Et malgré cela, ils n'avaient pas changé leur façon archaïque de voir la vie ? Ne s'étaient-ils donc pas du tout préparés? Fallait-il être idiot. Ou borné. Ou Legolas.

Elle sourit à cette pensée.

Se sentant bouillonner de l'intérieur, elle décida donc de prendre ses dispositions avant d'imploser, et se mit à courir, afin de servir d'éclaireur.

Les heures passaient et elle demeurait loin du groupe, avançant à son rythme, sentant la bonne humeur revenir progressivement. Elle explorait les recoins d'un paysage qu'elle ne connaissait que très peu, et cela lui fit du bien.

Personne ne s'inquiétait de savoir où elle était et pour la première fois depuis plusieurs mois, elle n'avait pas besoin de se justifier pour aller pisser.
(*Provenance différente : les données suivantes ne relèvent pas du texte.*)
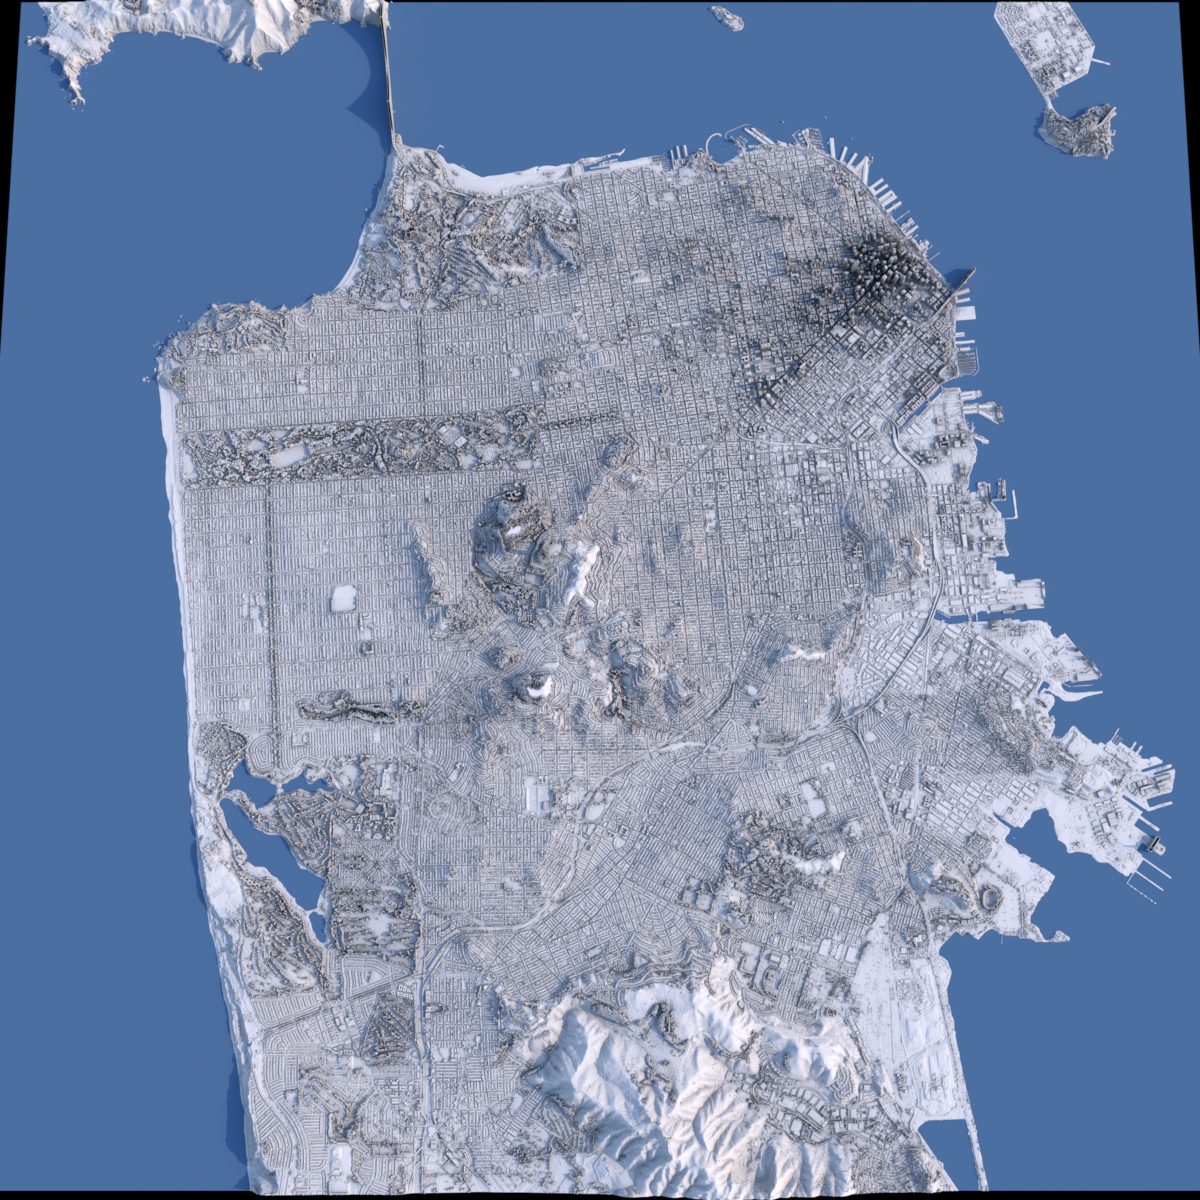 Preview of LIDAR Relief rendering of San Francisco - Perspective

Quand le soleil fut au plus haut dans le ciel, et qu'il commençait tout juste à redescendre, elle finit par se rapprocher de ses compagnons, qui semblaient eux, d'excellente humeur.

Gimli, qui ne s'était toujours pas remit de leur course après les Uruk, avait eu le droit de monter un cheval pour économiser ses forces. Il parlait avec Eowyn, et Aragorn avait l'air de se moquer de lui.

-En effet, on ne voit que peu de femme nain. Et en vérité, elles sont si proches au niveau de la voix et de l'apparence, qu'on les confond souvent avec les hommes nains.

Aragorn expliqua ;

-C'est la barbe, en murmurant, pour ne pas que Gimli l'entende.

-Et cet état de fait, à donner naissance à une rumeur qui dit qu'il n'y a pas de femme nain, et que les nains, jaillissent des trous qui sont dans le sol.

Eowyn éclata de rire, et Naé en fit de même, suivie par le rôdeur.

-Ce qui naturellement est ridicule ...

Il dut faire un faux mouvement sur le dos de son cheval, puisque celui ci se mit à partir au galop, et le nain dégringola.

-Ca va bien, ca va, pas de panique. C'était délibéré, je l'ai fais exprès !

L'elleth rit de nouveau au faux pas du nain, puis tourna les yeux vers Eowyn.

Elle l'intriguait, et elle ne put s'empêcher de voir la façon dont elle regardait Aragorn. De remarquer le pétillement dans ses yeux quand elle s'en approchait.

-Où est-elle ?

Aragorn la regarda sans comprendre.

-La femme qui vous a offert ce collier.

Il sourit tristement.

-Elle voyage vers une terre immortelle avec ce qu'il reste des siens.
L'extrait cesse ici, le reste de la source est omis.